Еще сильнее собственно мемуарное начало выражено в «Крещеном китайце». Здесь Белый уже покидает пределы своей детской и впервые дает картины из жизни «профессорской Москвы» конца века. В предисловии (июль 1921 г.) Белый разъясняет тот творческий метод, которым он в этом случае руководствовался: «…роман — наполовину биографический, наполовину исторический; отсюда появление на страницах романа лиц, действительно существовавших (Усов, Ковалевский, Анучин, Веселовский и др.); но автор берет их, как исторические вымыслы, на правах историка-романиста»[16]. Такие же «исторические вымыслы» в изобилии представлены и в «Записках чудака»: переполненная заботами, хлопотами и неудобствами история возвращения на родину в объезд охваченных войной территорий воссоздана здесь как описание странствий по фантасмагорическим мирам, отдаленно напоминающим Берн, Париж и Лондон, описание, перемежаемое воспоминаниями о различных эпизодах из прежней жизни автора. В «Записках чудака» Белый уже признается с изрядной долей самоиронии: «Моя жизнь постепенно мне стала писательским материалом; и я мог бы года, иссушая себя, как лимон, черпать мифы из родника моей жизни, за них получать гонорар…»[17]. Одним из самых безукоризненных и совершенных образцов такого биографического мифотворчества является поэма «Первое свидание» (1921) — по мнению многих критиков и исследователей Белого, лучшее, что было создано им в стихах. «Звезда воспоминанья» в этой поэме проливает свет на пору духовного самоопределения Белого — эпоху «зорь», рубежа веков, ставшую прологом всей его последующей творческой жизни и вместе с тем прологом новой исторической эры.
Переход от «интроспективных» мемуарно-автобиографических опытов к воспоминаниям об исторической эпохе сквозь призму лично пережитого отчетливо обозначился у Белого после смерти А. Блока и непосредственно под ее воздействием. Блока Белый воспринимал как своего ближайшего спутника в литературе и единомышленника в самых главных, магистральных вопросах, основой этому чувству единства служили общность духовных истоков и осознание внутренней связи, не прерывавшееся и в годы серьезных расхождений между ними. Смерть Блока побудила Белого заново осмыслить историю их почти двадцатилетнего общения, отразившую в себе все основные стадии эволюции русского символизма, и подвести ее итоги. Свершившаяся революция обозначила четкую демаркационную линию между старым и новым миром, и это эпохальное событие также инспирировало Белого подвести черту под определенным этапом жизни, резко и безвозвратно отделявшую былое и пережитое от современности, осмыслить символизм как историческое явление, замкнутое в предреволюционных десятилетиях.

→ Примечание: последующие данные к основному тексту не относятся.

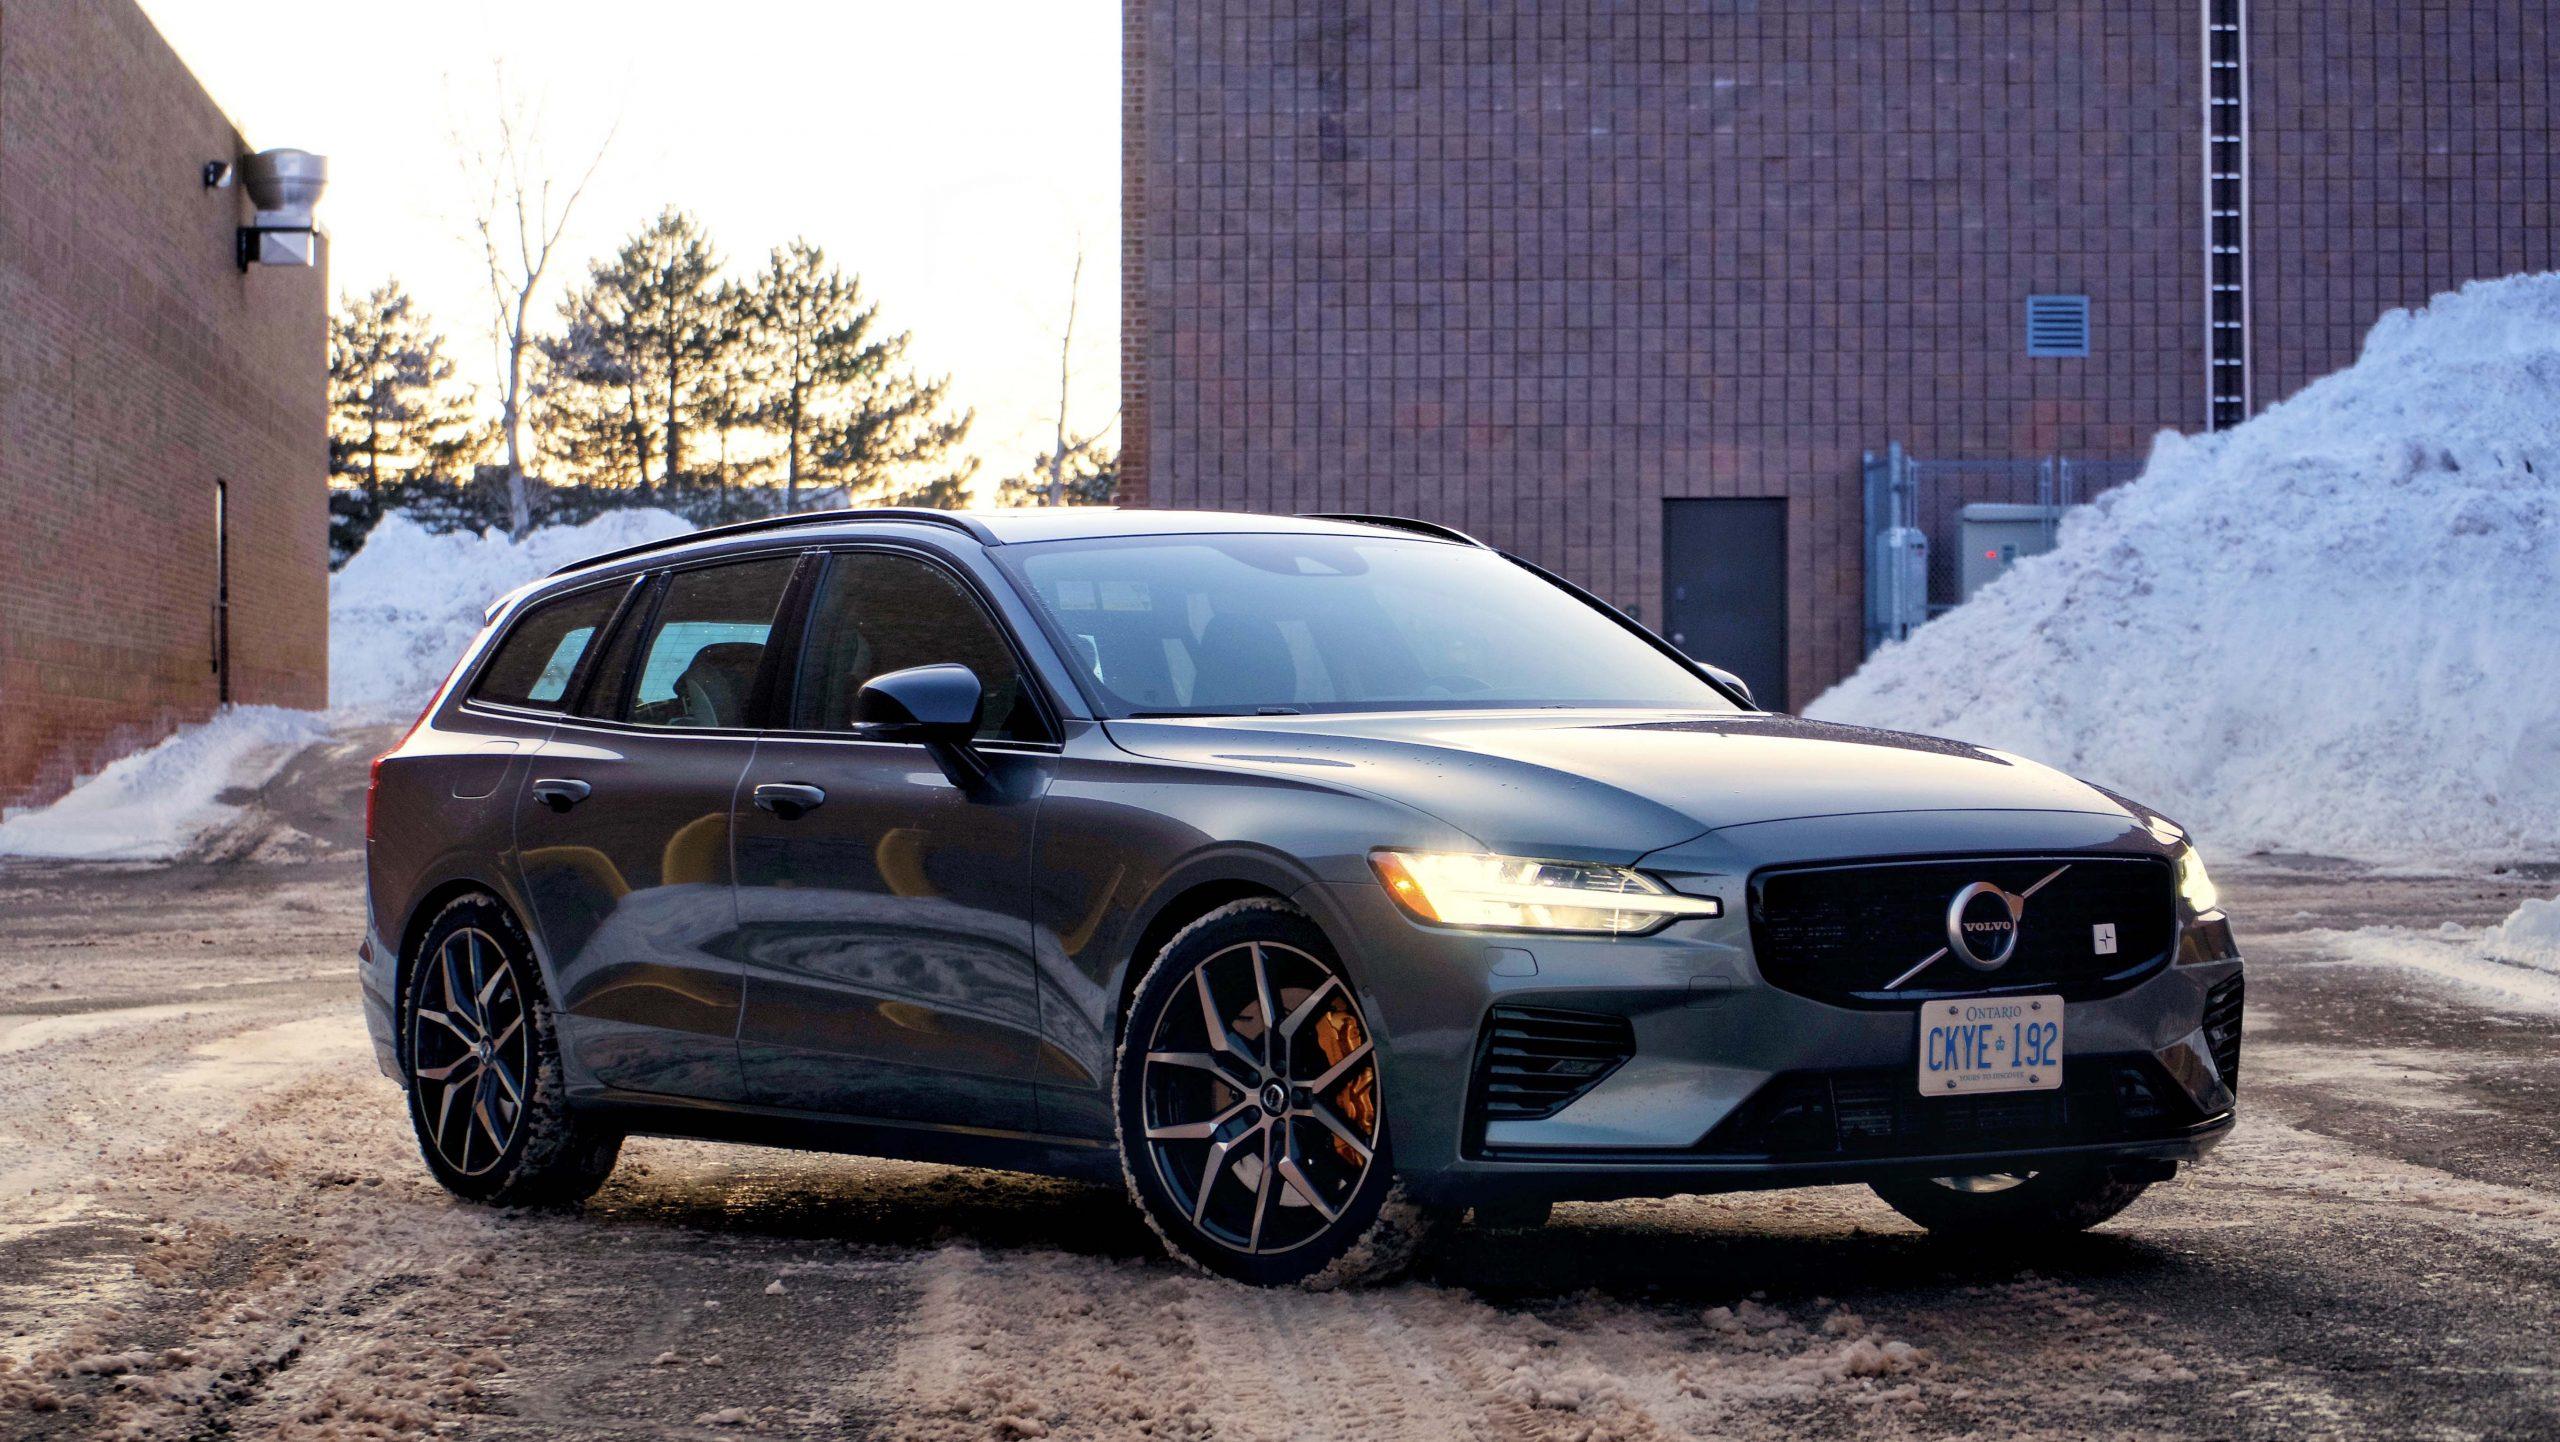 2020 Volvo S60 Polestar Price and Review

Над воспоминаниями о Блоке Белый принялся работать в первые же недели после его кончины. Сначала они вылились в конспективные дневниковые записи[18], затем, в конце сентября — начале октября 1921 г., Белый выступил с воспоминаниями о Блоке на двух вечерах в Вольной философской ассоциации. Первая, самая краткая редакция его «Воспоминаний о Блоке» датирована октябрем 1921 г.;[19] в ней Белый с особенной пристальностью рассматривает «соловьевский» этап развития Блока, наиболее ему близкий и в то же время важнейший для формирования творческого облика поэта, последующие годы характеризуются в суммарном изложении. Более пространную и подробную историю отношений с Блоком представляют собой написанные тогда же «Воспоминания об Александре Александровиче Блоке», напечатанные в «Записках мечтателей» в 1922 г. (№ 6)[20]. И, наконец, приехав в ноябре 1921 г. в Берлин, Белый приступил к работе над самым расширенным вариантом своих «Воспоминаний о Блоке», которые опубликовал в четырех сборниках «Эпопея», выпущенных им в Берлине в 1922–1923 гг. «Воспоминания о Блоке» из «Эпопеи» — большая книга, в которой история взаимоотношений Блока и Белого воссоздана с максимальной широтой, с привлечением многочисленных автобиографических и побочных мемуарных сведений, имеющих к ней прямое или косвенное касательство; изложение материала доведено до 1912 года.
«Воспоминания о Блоке»[21] явились основой для работы Белого над большой мемуарной книгой «Начало века». Так называемая «берлинская» редакция воспоминаний под этим заглавием, создававшаяся в течение декабря 1922 г. и первой половины 1923 г., была, по существу, расширенным вариантом только что завершенных «эпопейных» воспоминаний, в котором фон взаимоотношений Блока и Белого был развернут в масштабную, многофигурную фреску минувшей литературной эпохи. Работа над этой мемуарной версией велась как бы по инерции, заданной «Воспоминаниями о Блоке». В. Ф. Ходасевич, постоянно общавшийся с Белым в Берлине, свидетельствует: «Случалось ему писать чуть не печатный лист в один день. Он привозил с собою рукописи, днем писал, вечерами читал нам написанное. То были воспоминания о Блоке, далеко перераставшие первоначальную тему и становившиеся воспоминаниями о символистской эпохе вообще. Мы вместе придумывали для них заглавие. Наконец, остановились на том, которое предложила Н. Н. Берберова: „Начало века“».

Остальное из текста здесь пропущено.